-- Aim of the task --
Copy nothing but the lines below running from the line containing "Símbolo de Tauro, cinta" through the line containing "Cours de danse", both end lines included.

*** Records supplied Section Begins ***

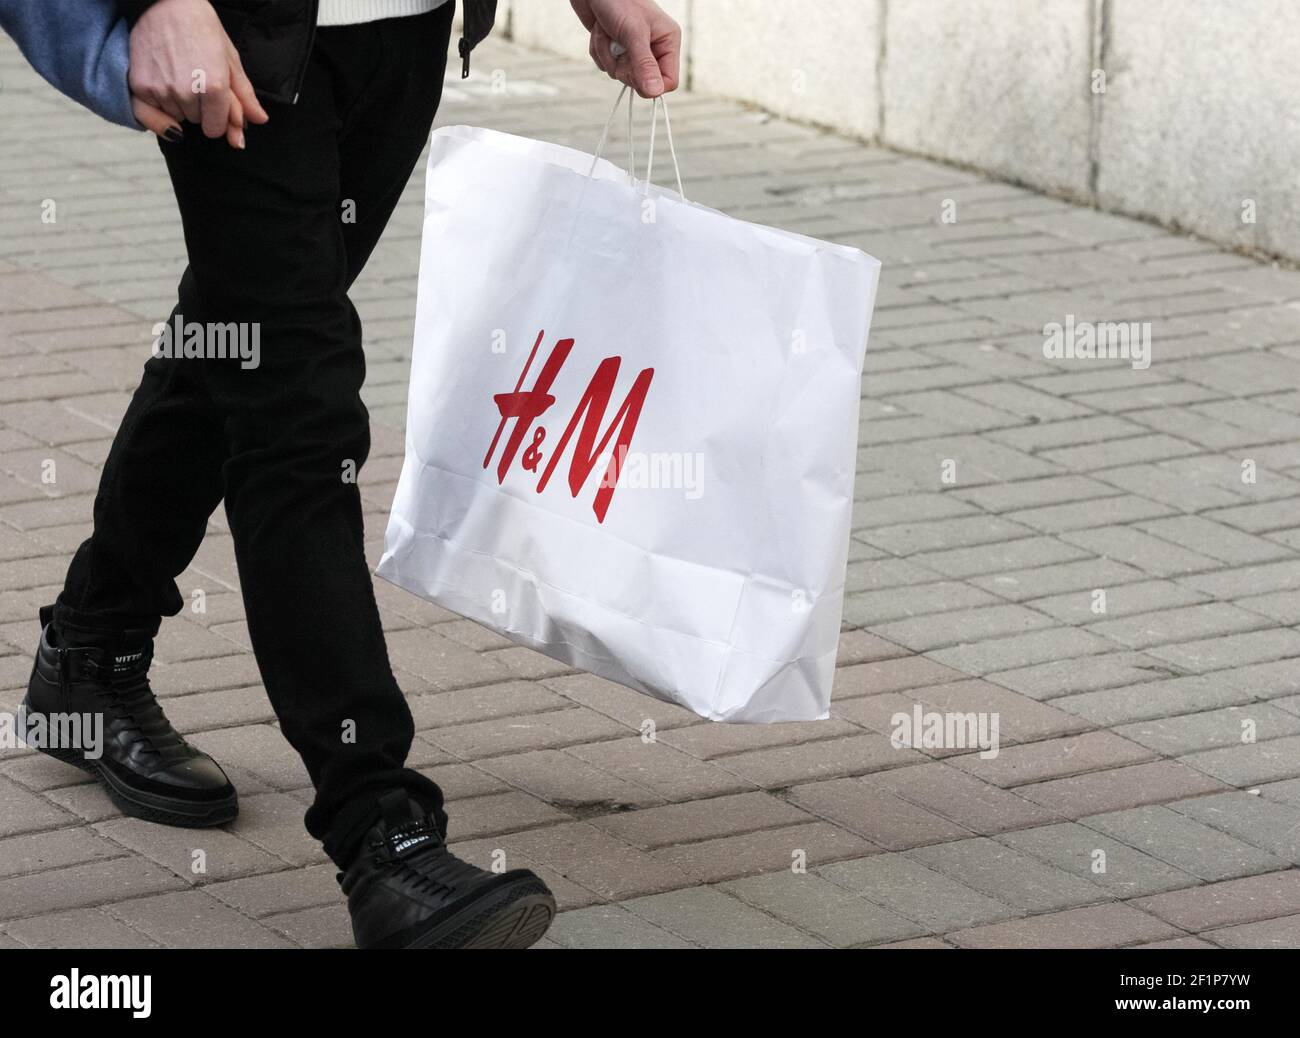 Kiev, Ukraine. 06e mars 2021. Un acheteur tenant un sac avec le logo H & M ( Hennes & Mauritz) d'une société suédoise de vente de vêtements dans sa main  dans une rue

*** Records supplied Section Ends ***
*** Records supplied Section Begins ***

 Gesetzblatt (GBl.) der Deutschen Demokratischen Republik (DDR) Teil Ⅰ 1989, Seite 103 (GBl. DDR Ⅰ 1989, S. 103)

*** Records supplied Section Ends ***
*** Records supplied Section Begins ***

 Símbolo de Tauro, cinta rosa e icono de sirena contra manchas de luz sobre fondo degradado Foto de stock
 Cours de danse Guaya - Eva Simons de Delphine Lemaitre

*** Records supplied Section Ends ***

-- Finished exercise --
 Símbolo de Tauro, cinta rosa e icono de sirena contra manchas de luz sobre fondo degradado Foto de stock
 Cours de danse Guaya - Eva Simons de Delphine Lemaitre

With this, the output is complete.